Assigned task
The listing is to be reproduced exactly, excluding its pictures.

Data section
..............................
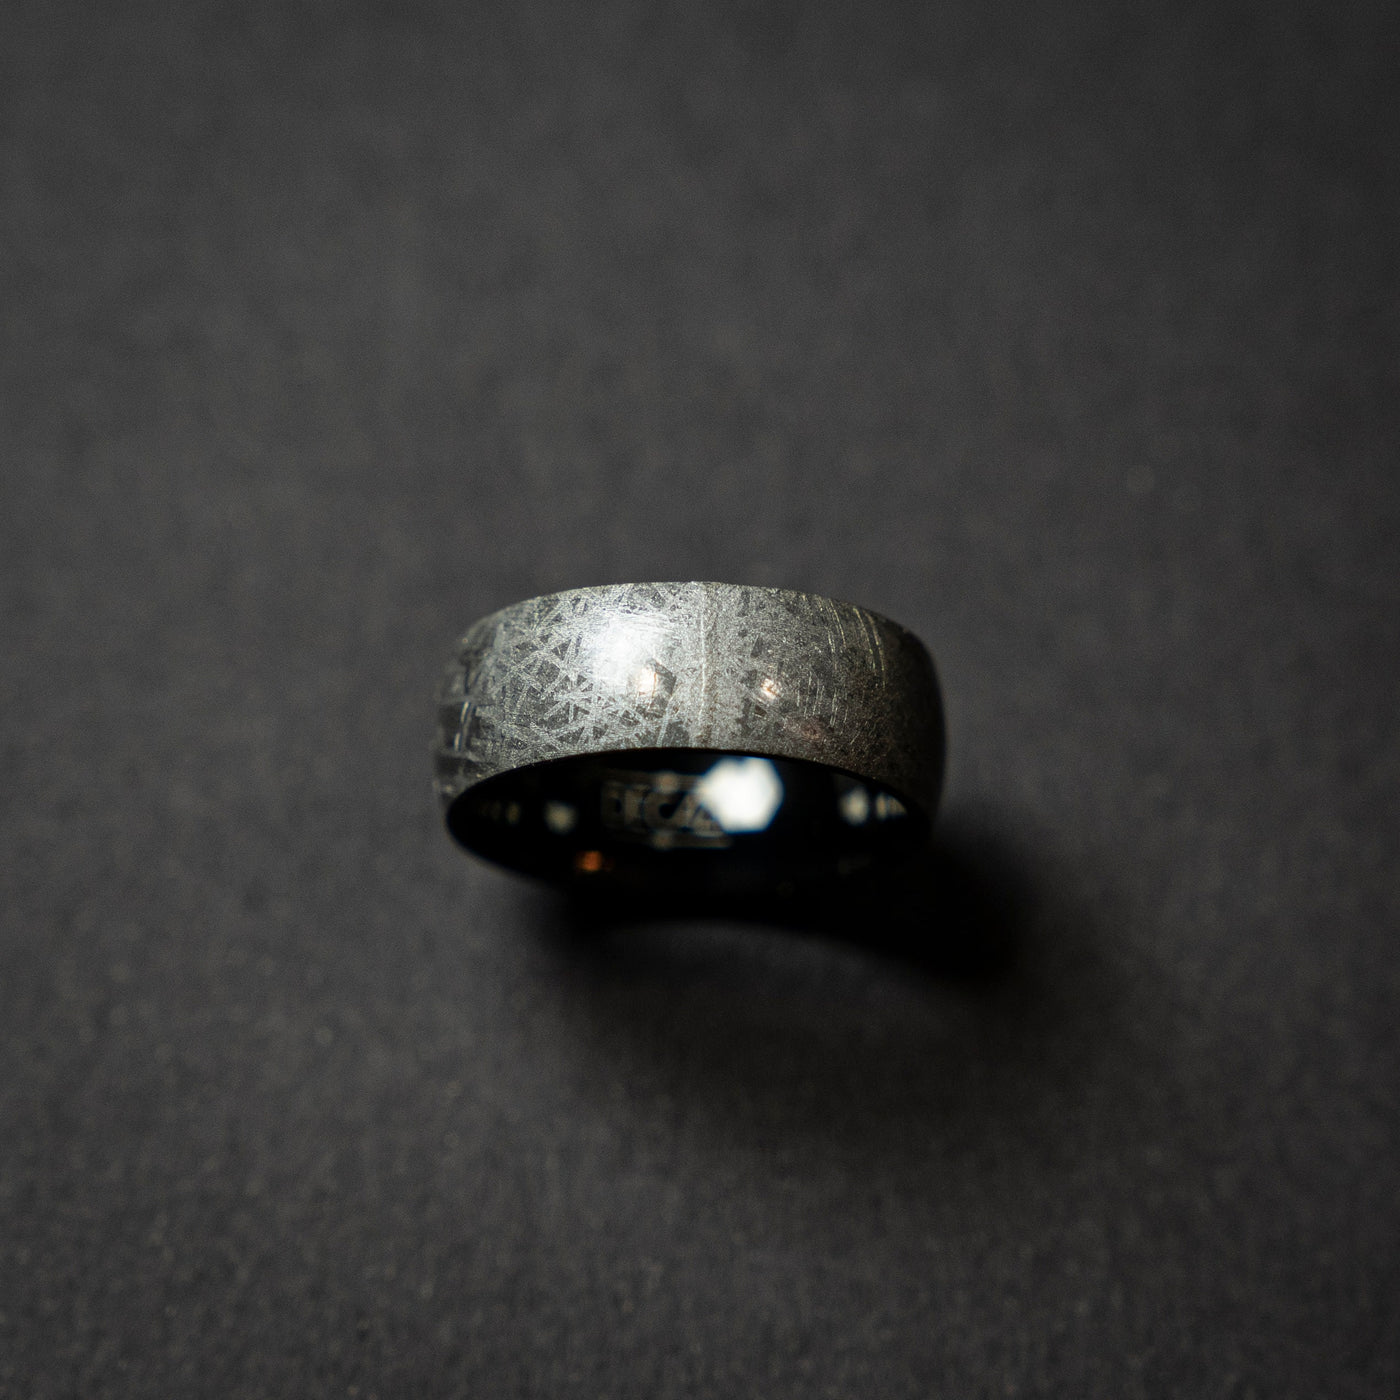 genuine meteorite mens wedding band, meteorite ring, meteorite wedding ring, man wedding band, ring man, Gift for him, Black tungsten ring.
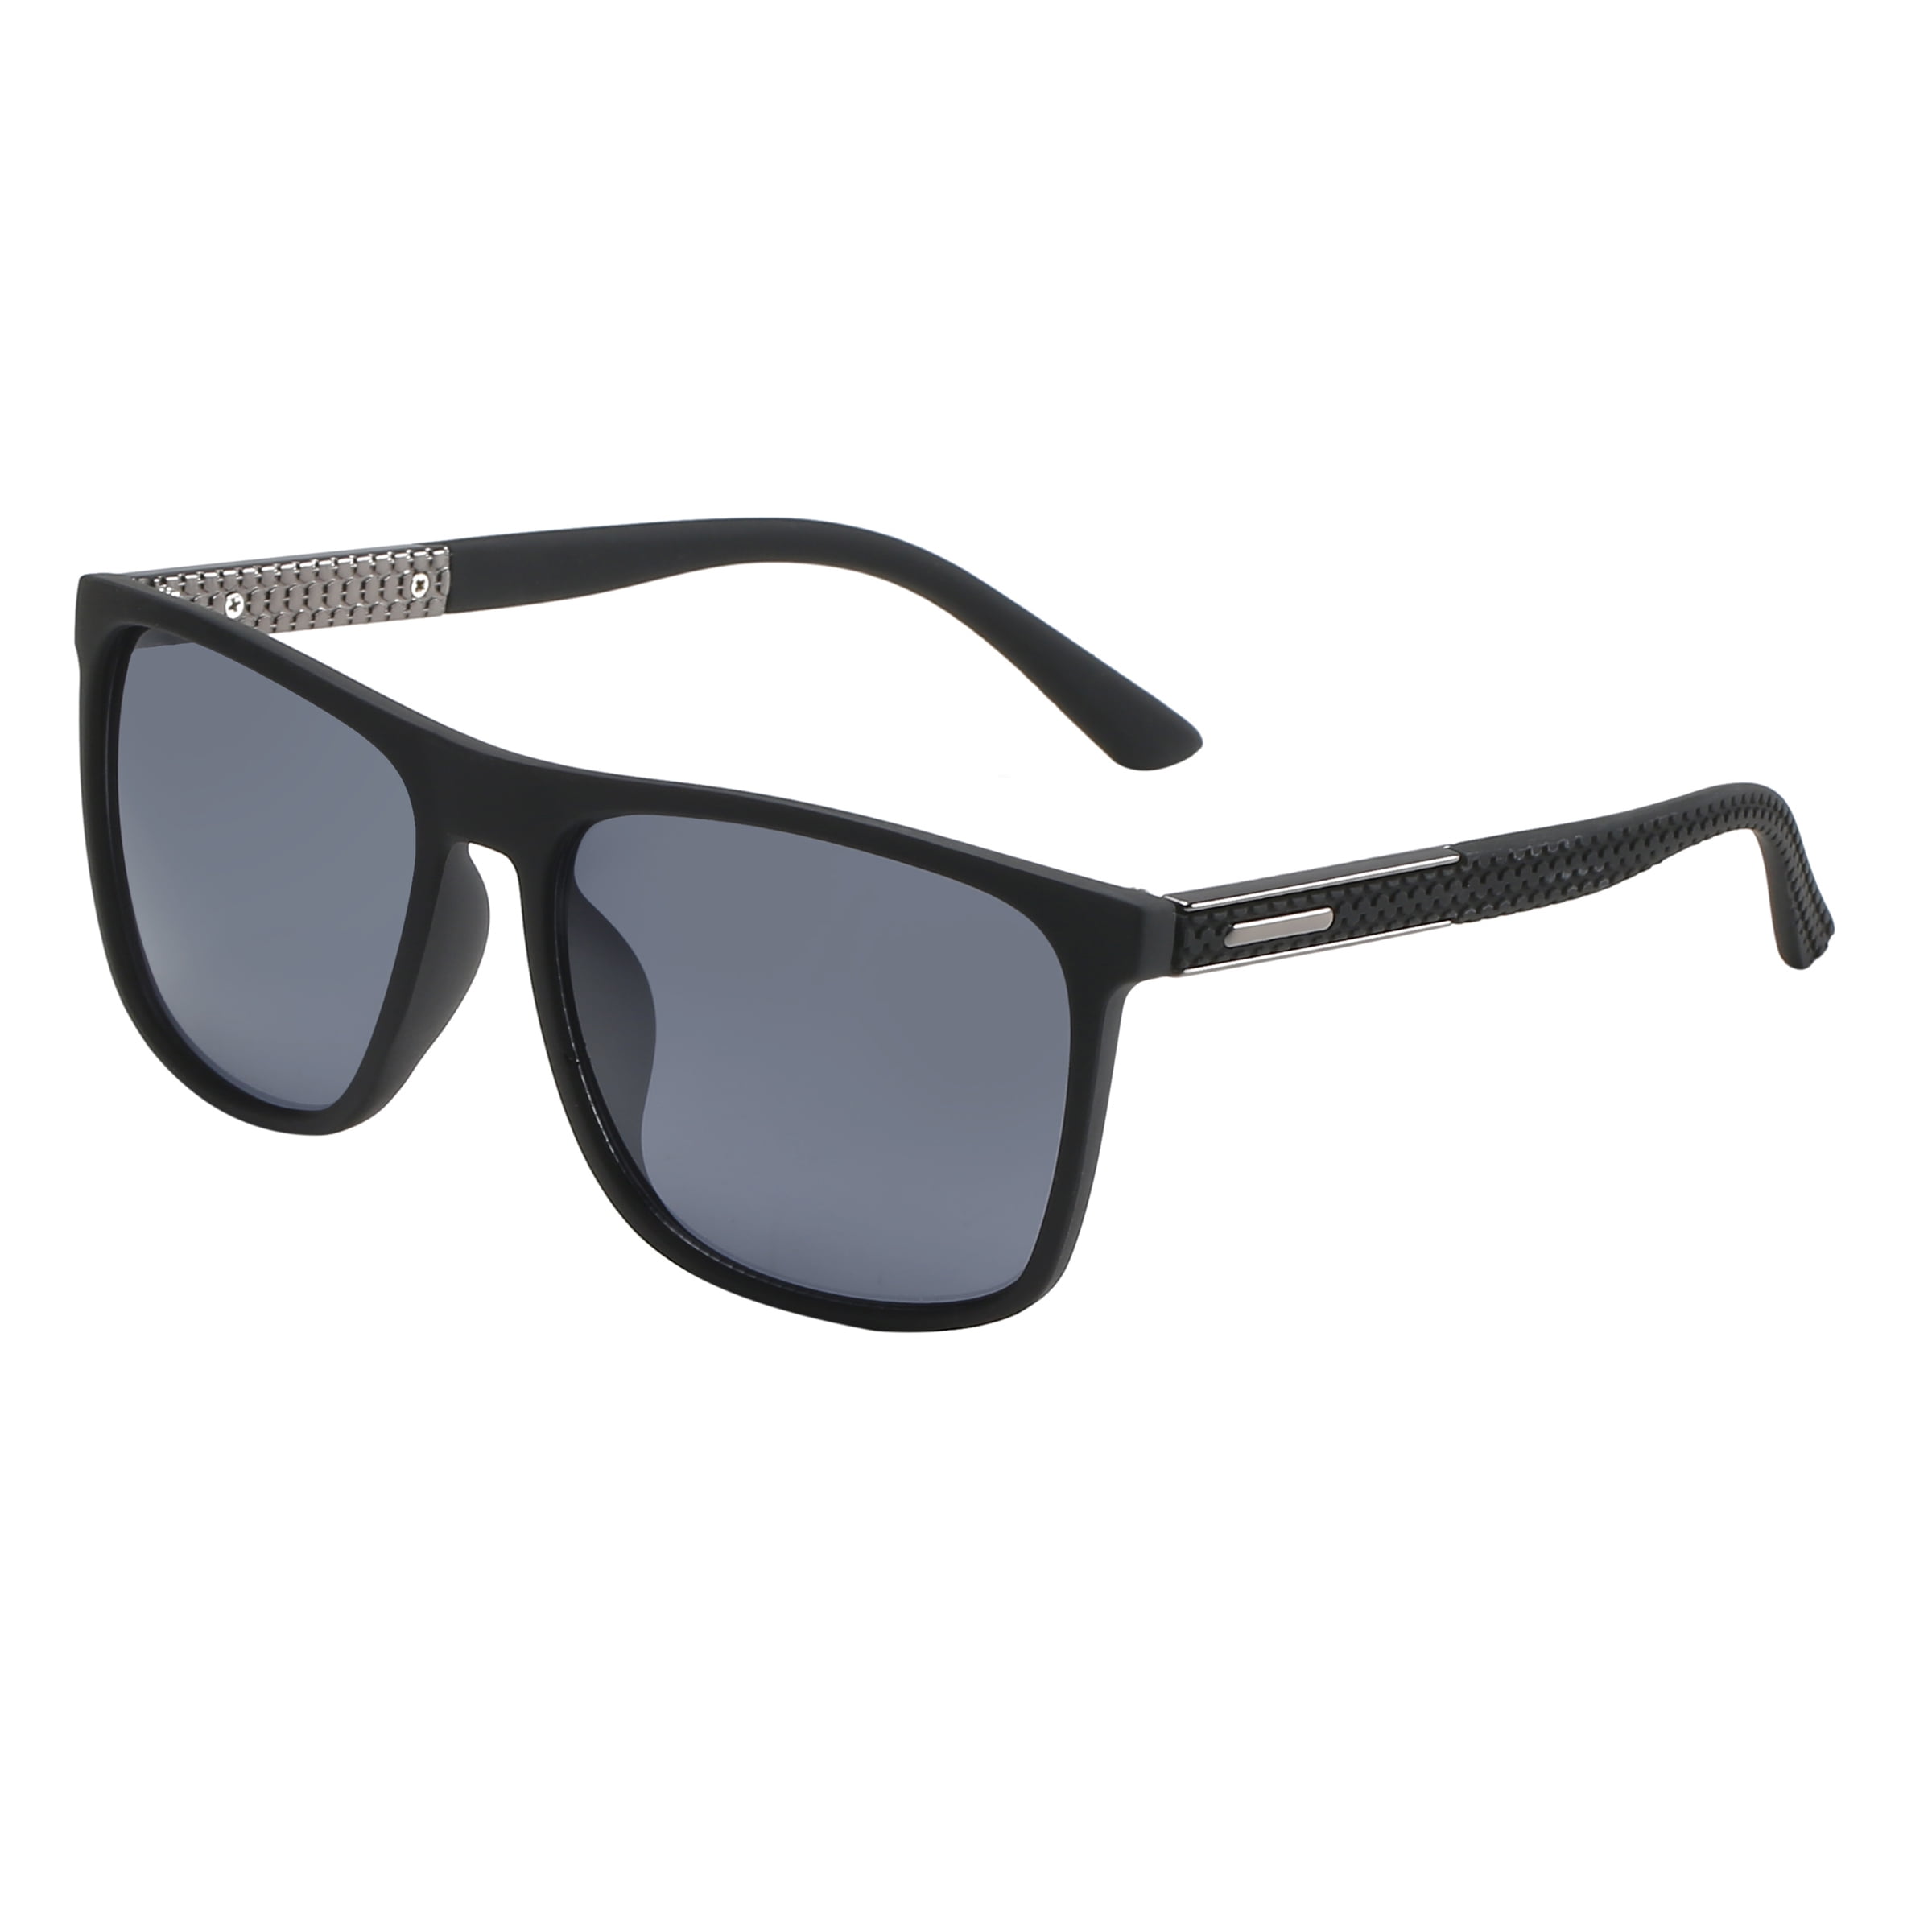 Piranha Eyewear Asher Classic Square Black Sunglasses with Smoke
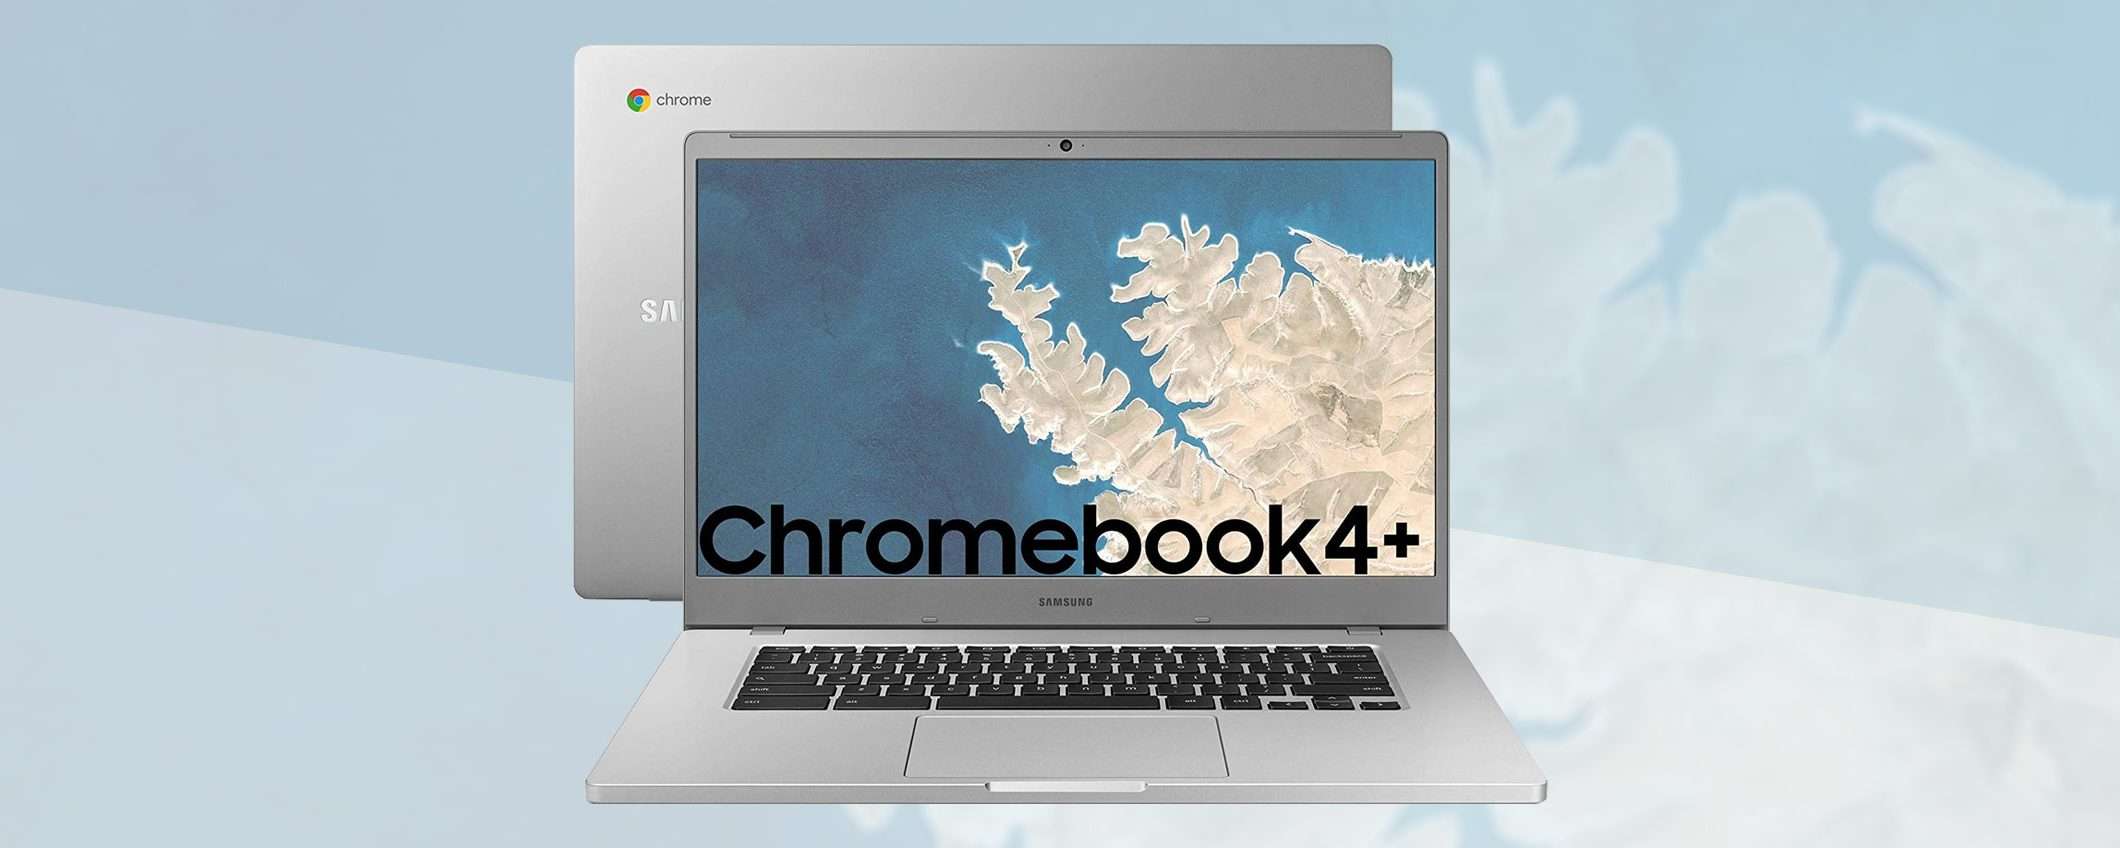 Samsung Chromebook 4+ al minimo storico su Amazon
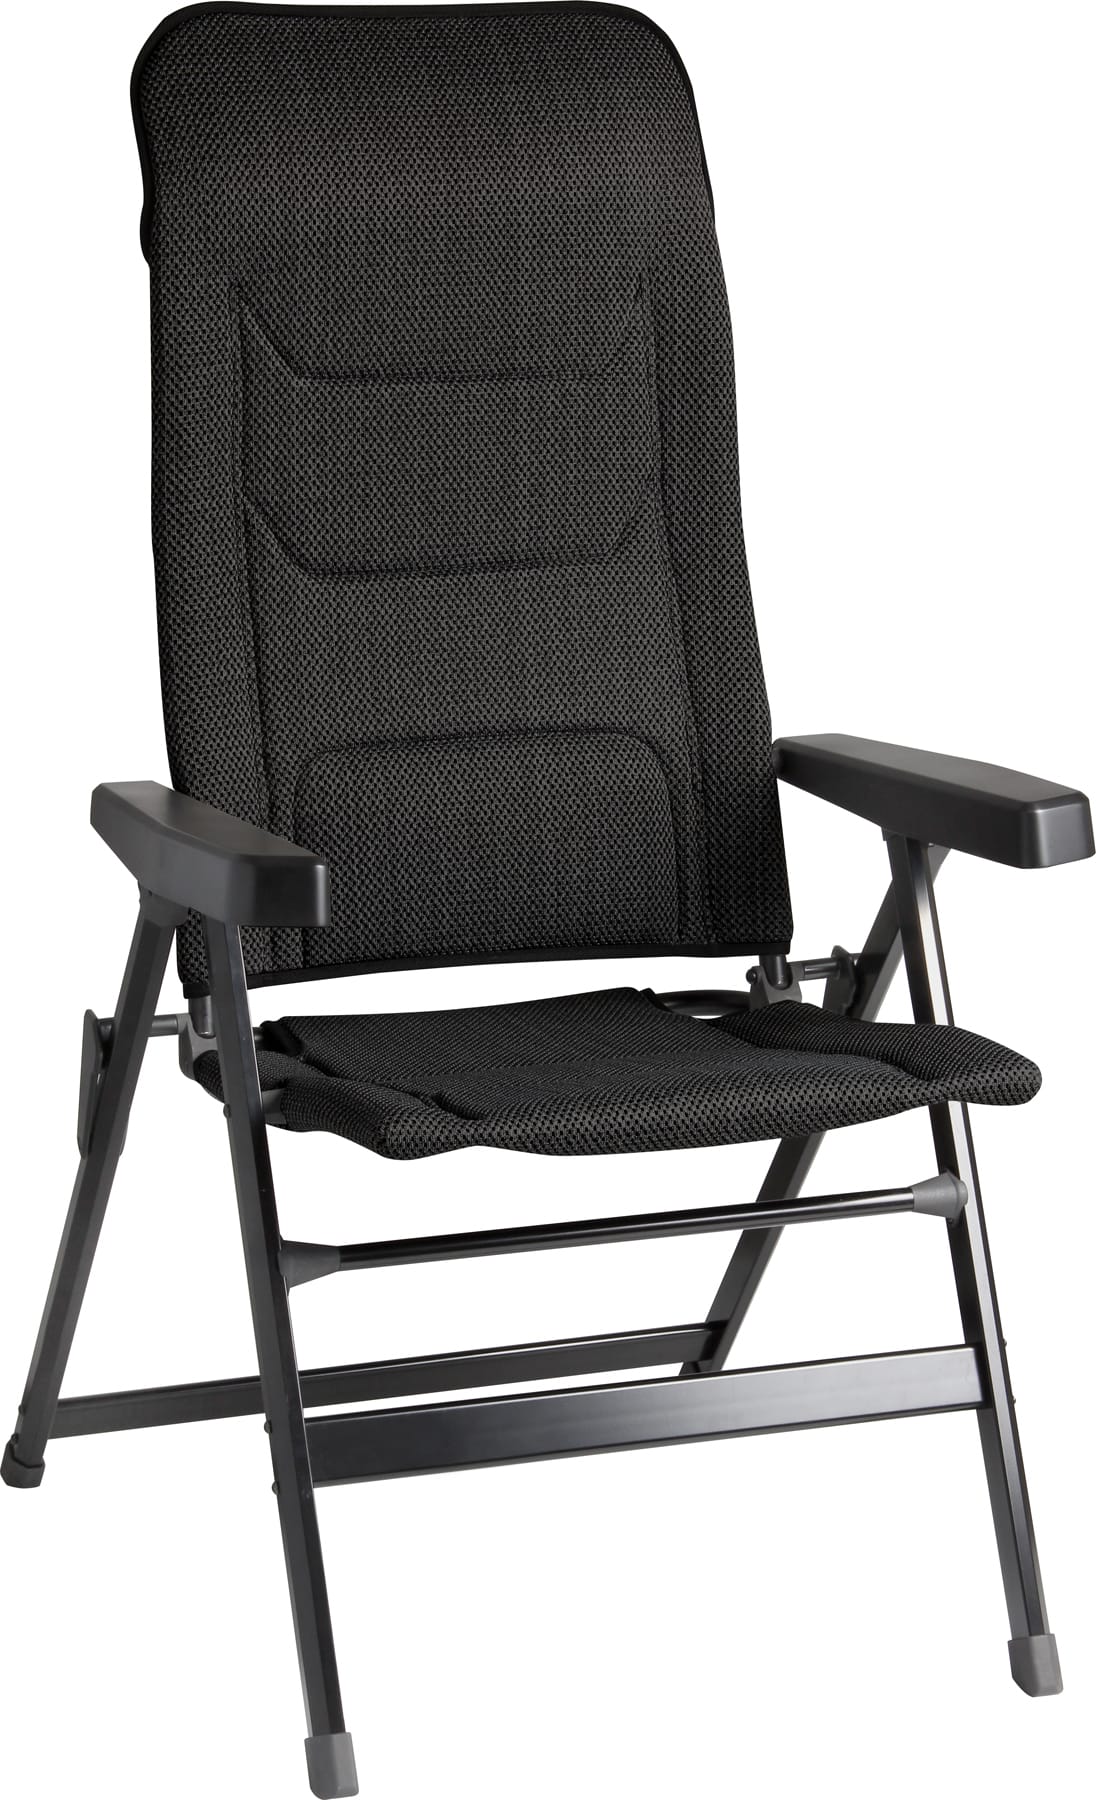 Brunner Rebel Pro Premium Reclining Camping Chair
..............................
Reply
 genuine meteorite mens wedding band, meteorite ring, meteorite wedding ring, man wedding band, ring man, Gift for him, Black tungsten ring.
 Piranha Eyewear Asher Classic Square Black Sunglasses with Smoke
 Samsung Chromebook 4+ al minimo storico su Amazon
 Brunner Rebel Pro Premium Reclining Camping Chair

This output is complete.